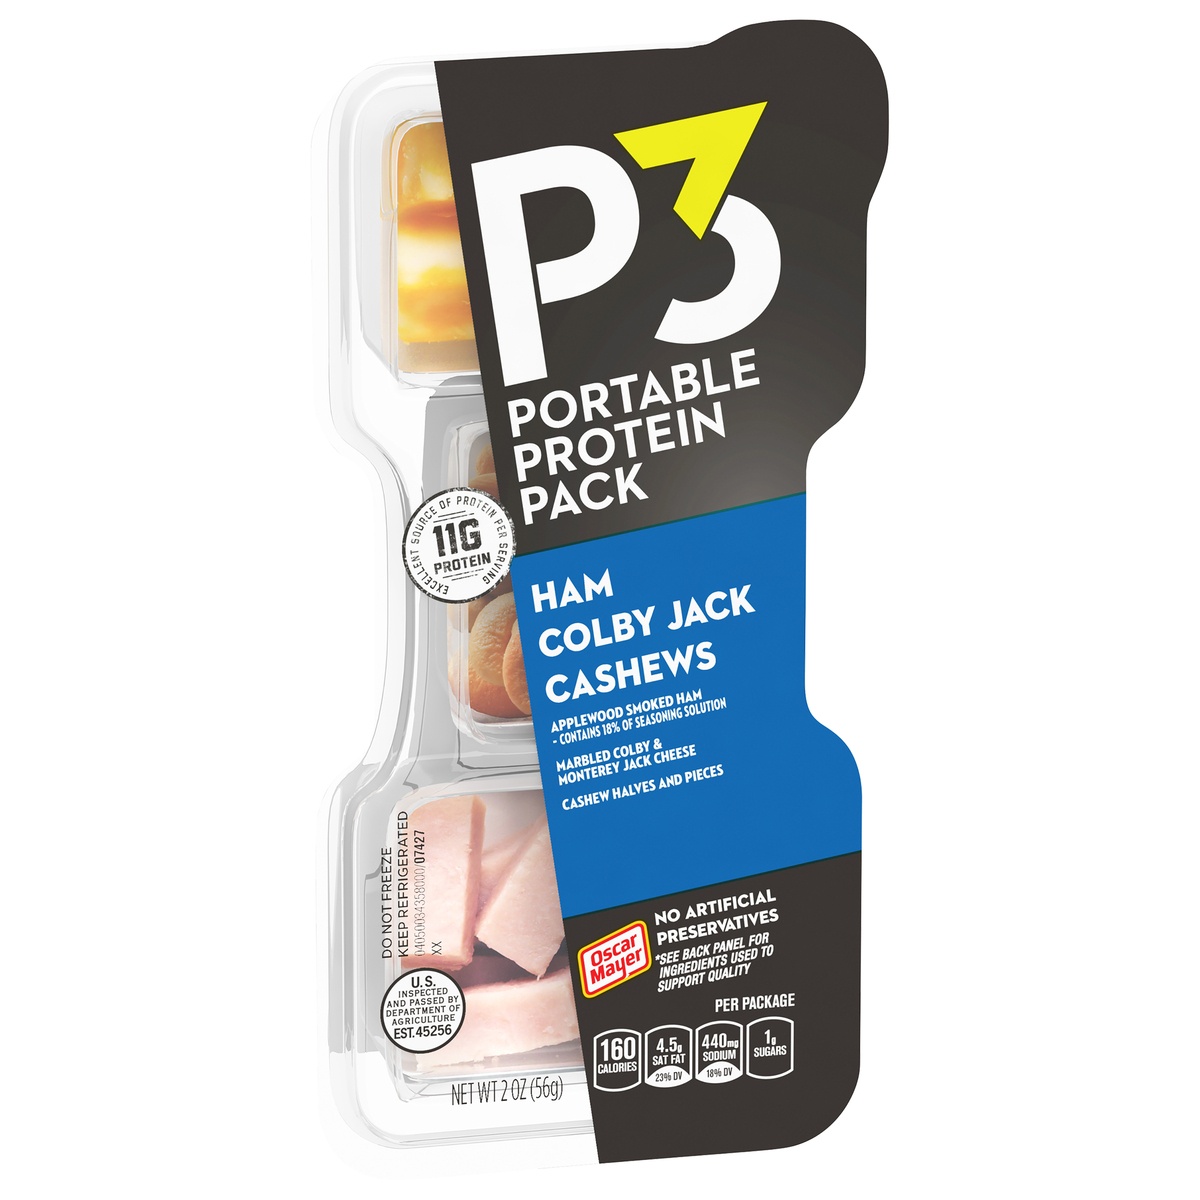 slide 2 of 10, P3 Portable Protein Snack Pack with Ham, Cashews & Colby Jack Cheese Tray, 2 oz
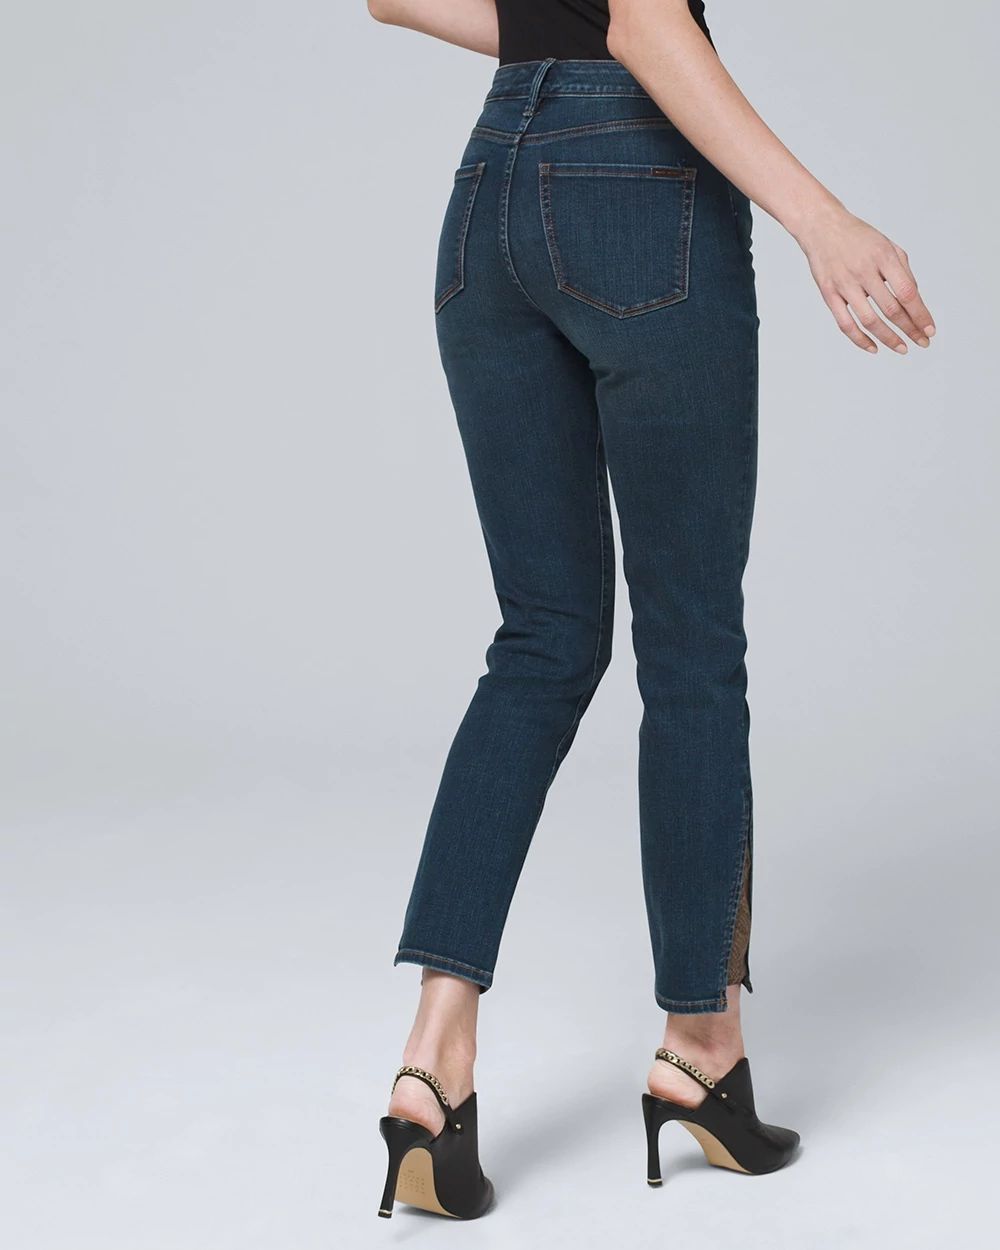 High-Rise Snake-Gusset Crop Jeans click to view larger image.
==
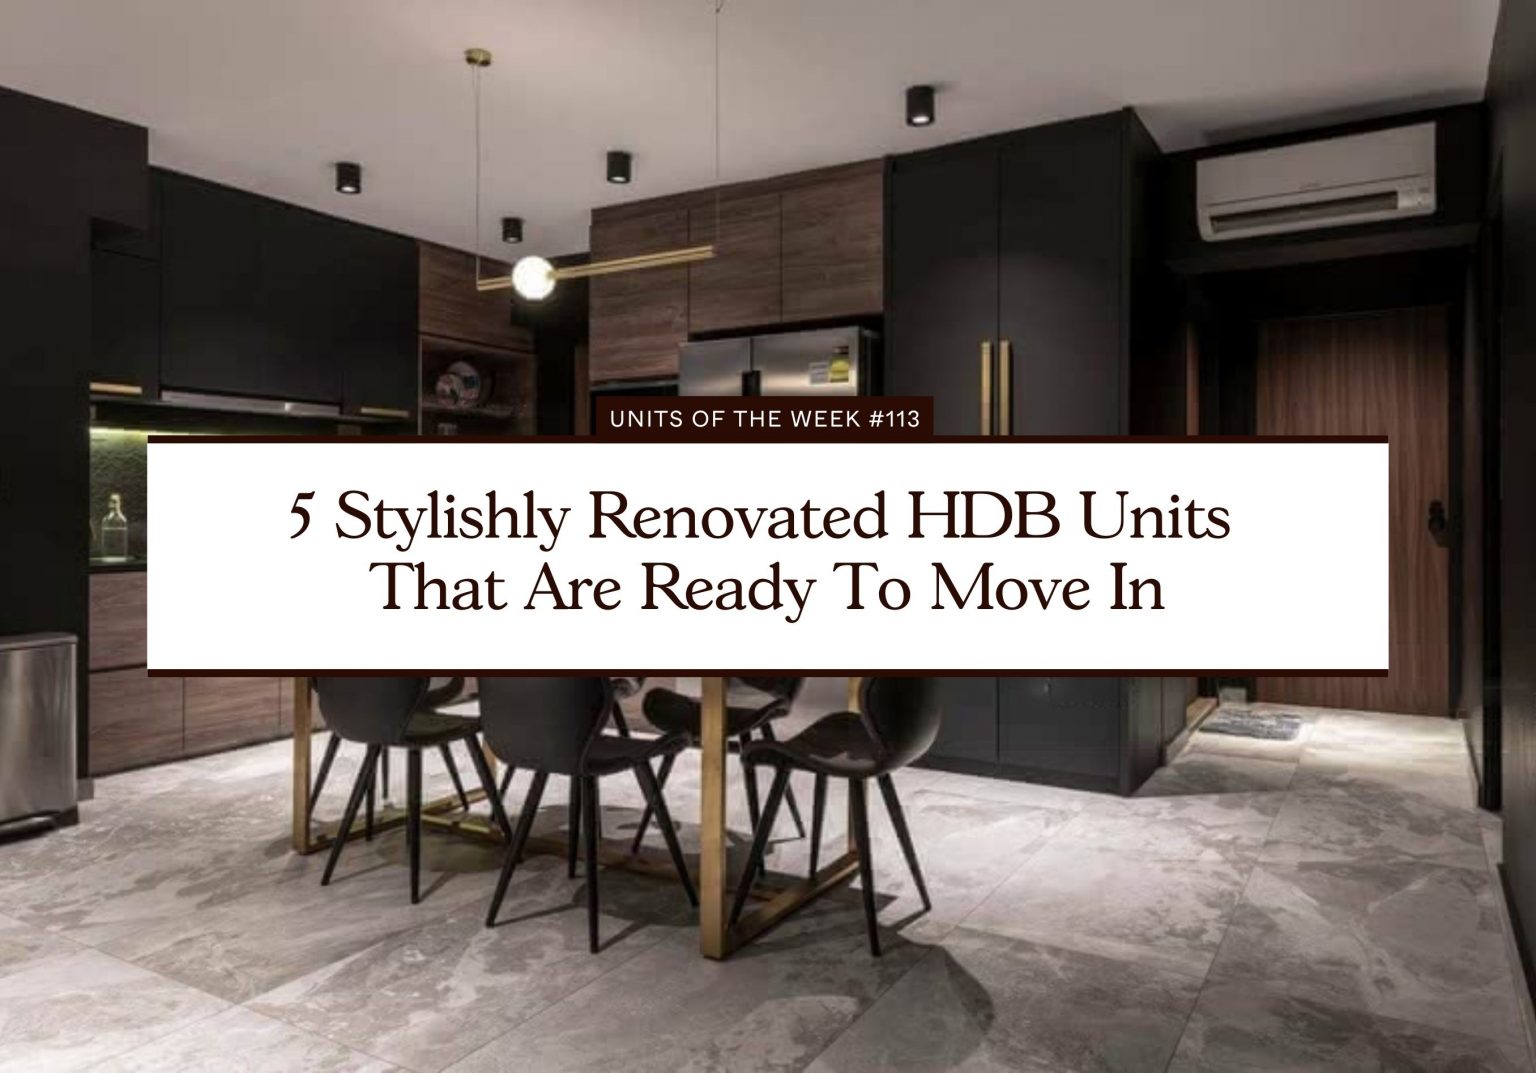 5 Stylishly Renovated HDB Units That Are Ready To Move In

WORK REQUIRED: Retype only the lines above from the one with "slide 2 of 10, P3" through the one with "High-Rise Snake-Gusset Crop", exactly and with both ends. Images stay out.

OUTPUT BELOW:
 slide 2 of 10, P3 Portable Protein Snack Pack with Ham, Cashews & Colby Jack Cheese Tray, 2 oz
 High-Rise Snake-Gusset Crop Jeans click to view larger image.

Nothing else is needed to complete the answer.